3. Purification of <3 kDa Fraction by Gel Filtration Chromatography

Purification by gel filtration chromatography (GFC) resulted in three pooled fractions: GF-I, GF-II, and GF-III (Figure 2A). Among the three, GF-I exhibited the strongest effects in ABTS•+ scavenging activity (Figure 2C). GF-I possibly comprised more non-aromatic peptide residues with radical scavenging activity, such as Leu and Pro [12] than the other two fractions. Meanwhile, GF-III showed the highest H2O2 scavenging activity among the three pooled fractions (Figure 2D). All three pooled GFC fractions could dampen the time-dependent increase in lipid peroxidation in the liposome model at 0.1 mg peptide/mL, with 26–35% inhibition of TBARS formation after 48 h (Figure 2E), although their activities were significantly lower than that of GSH (57% inhibition after 48 h). The peptide content of GF-III (0.68 mg peptide/mg DM) was 3.5-fold greater than those of GF-I and GF-II (Figure 2B). When compared to GF-III, 3.5-fold higher DM of GF-I and GF-II was required to achieve the standardized peptide concentration used for evaluating the lipid peroxidation inhibitory activity depicted in Figure 2E. It can be anticipated that when expressed in terms of DM, the lipid peroxidation inhibitory activity of GF-III may exceed that of GF-I. Thus, we also analyzed the lipid peroxidation inhibitory activity of the three pooled fractions at 0.5 mg DM/mL. As expected, among the three fractions, GF-III showed the strongest inhibition of TBARS formation, with 26% and 51% inhibition after 24 and 48 h, respectively (Figure 2F). The antioxidant activity of GF-III could be owing to its relatively high absorbance at 280 nm (Figure 2A), which suggests an abundance of aromatic amino acid residues (e.g., Phe, Tyr, and Trp) in the pooled fraction. In keeping with this study, a previous study on Chinese chestnut also found that the GFC fraction with the most prominent absorbance at 280 nm had the highest antioxidant activity among all GFC fractions [13].
Fig 2
Figure 2. Purification of the <3 kDa fraction by gel filtration chromatography (GFC). (A) Elution profile, (B) peptide content, (C) ABTS•+ scavenging activity (at 30 µg peptide/mL), and (D) H2O2 scavenging activity (at 150 µg peptide/mL) of pooled GFC fractions. TBARS values of negative control and GFC fractions (E) at 0.1 mg peptide/mL and (F) at 0.5 mg DM/mL. Data are mean ± standard errors (n = 3). For each bar chart, mean values denoted by different superscript letters are significantly different (p < 0.05) according to Tukey’s test.
In our GFC experiment, GF-II (intermediate molecular size) had the lowest antioxidant activity, whereas GF-I (greatest molecular size) and GF-III (smallest molecular size) had relatively higher antioxidant activities.
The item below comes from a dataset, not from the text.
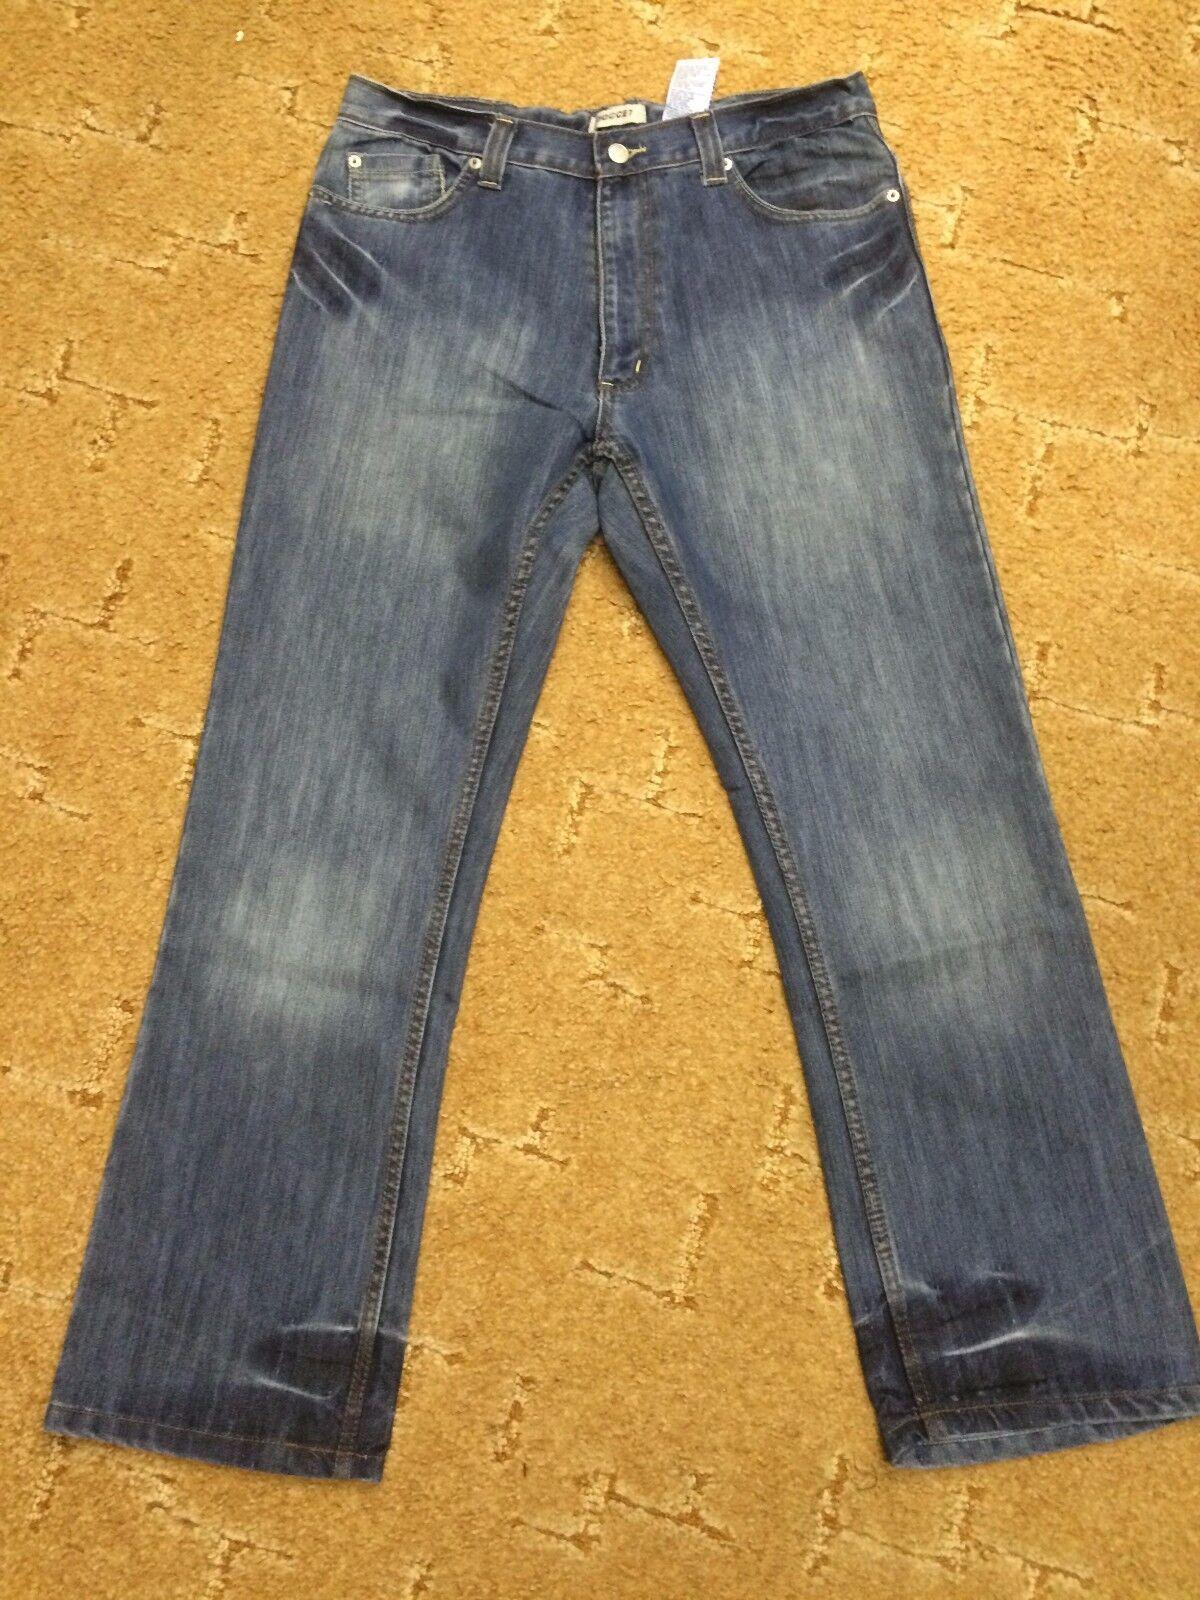 Herren Jeans Hose dunkelblau verwaschen W32 L30 von Doccet    | Zu verkaufen  0d4355
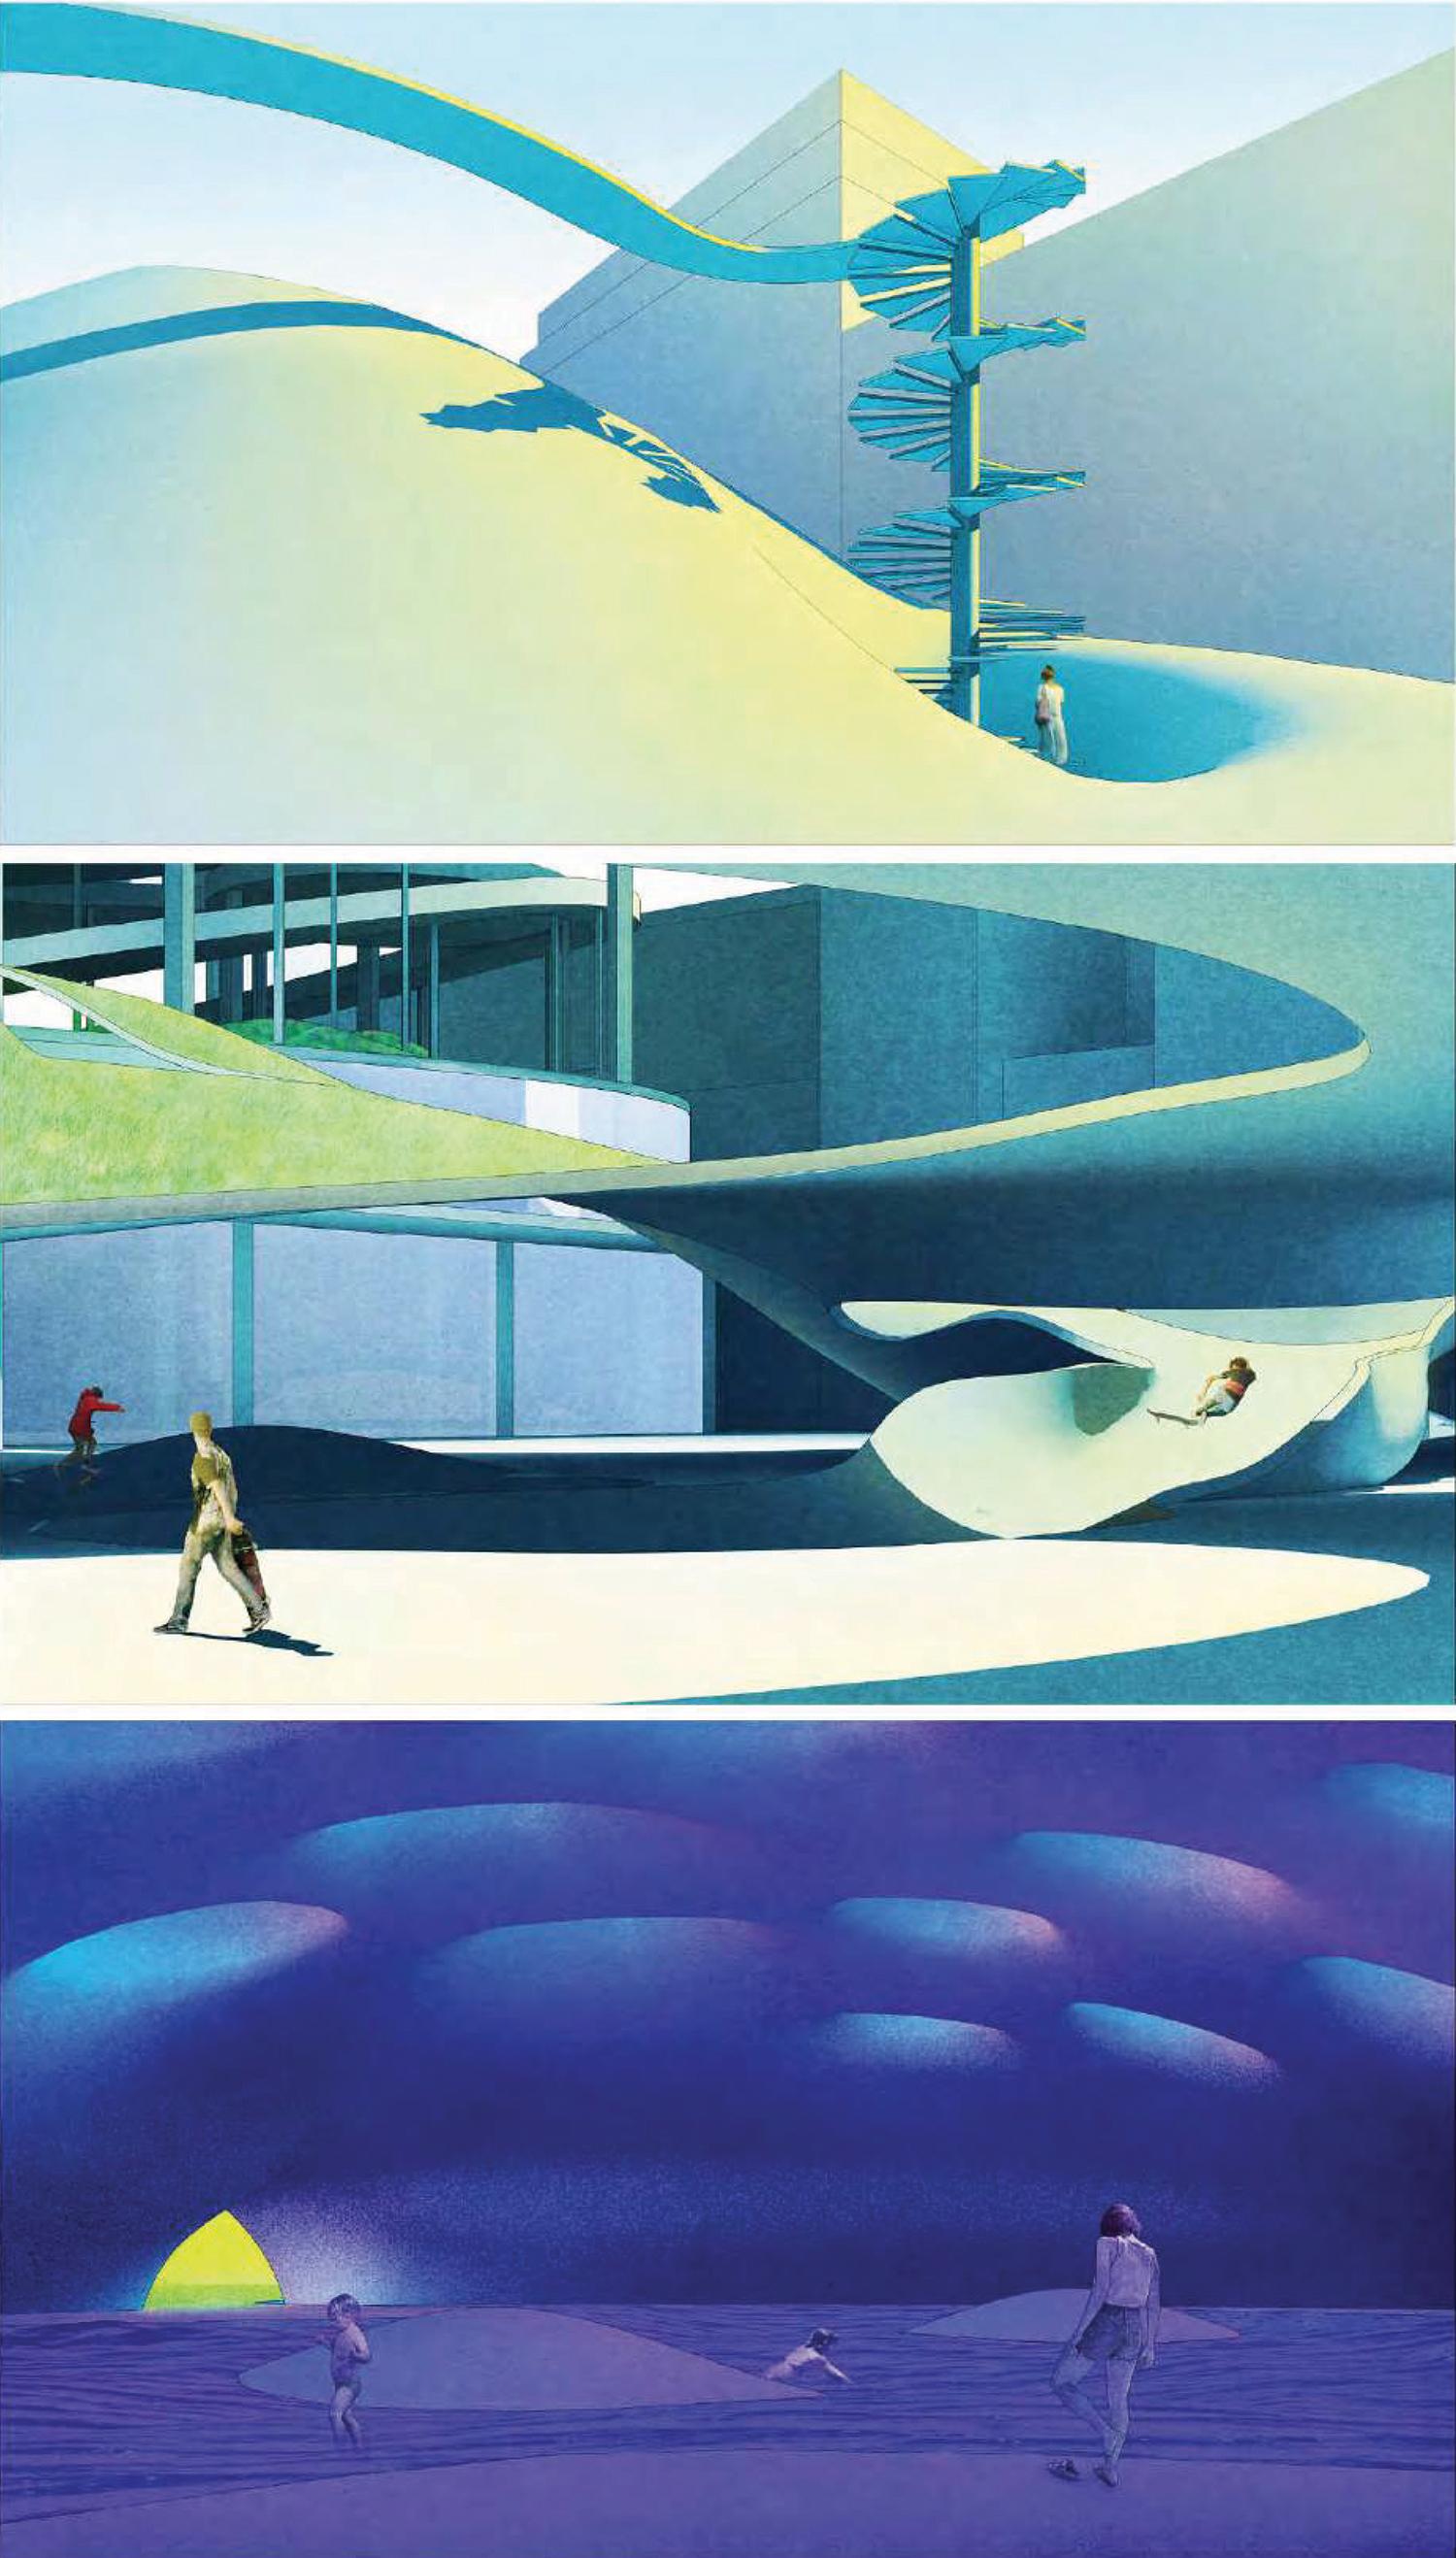 Architectural Association_Zhang Xinyi_2

Hence, our results suggest that the antioxidant potential of the GFC fractions is not directly related to their molecular size. This is in agreement with the lack of explicit relationship between antioxidant activity and molecular size among 81 corn gluten meal peptide fractions collected in a GFC experiment [14]. On the other hand, peptide content data and the different trends in the lipid peroxidation inhibitory activities of the pooled fractions when tested based on DM and peptide mass pointed to the presence of non-peptide constituents in the GFC fractions. Thus, further purification was desirable. Considering that GF-III was the richest in peptide content and to discover peptides containing aromatic amino acid residues from T1H, we proceeded to perform purification on GF-III.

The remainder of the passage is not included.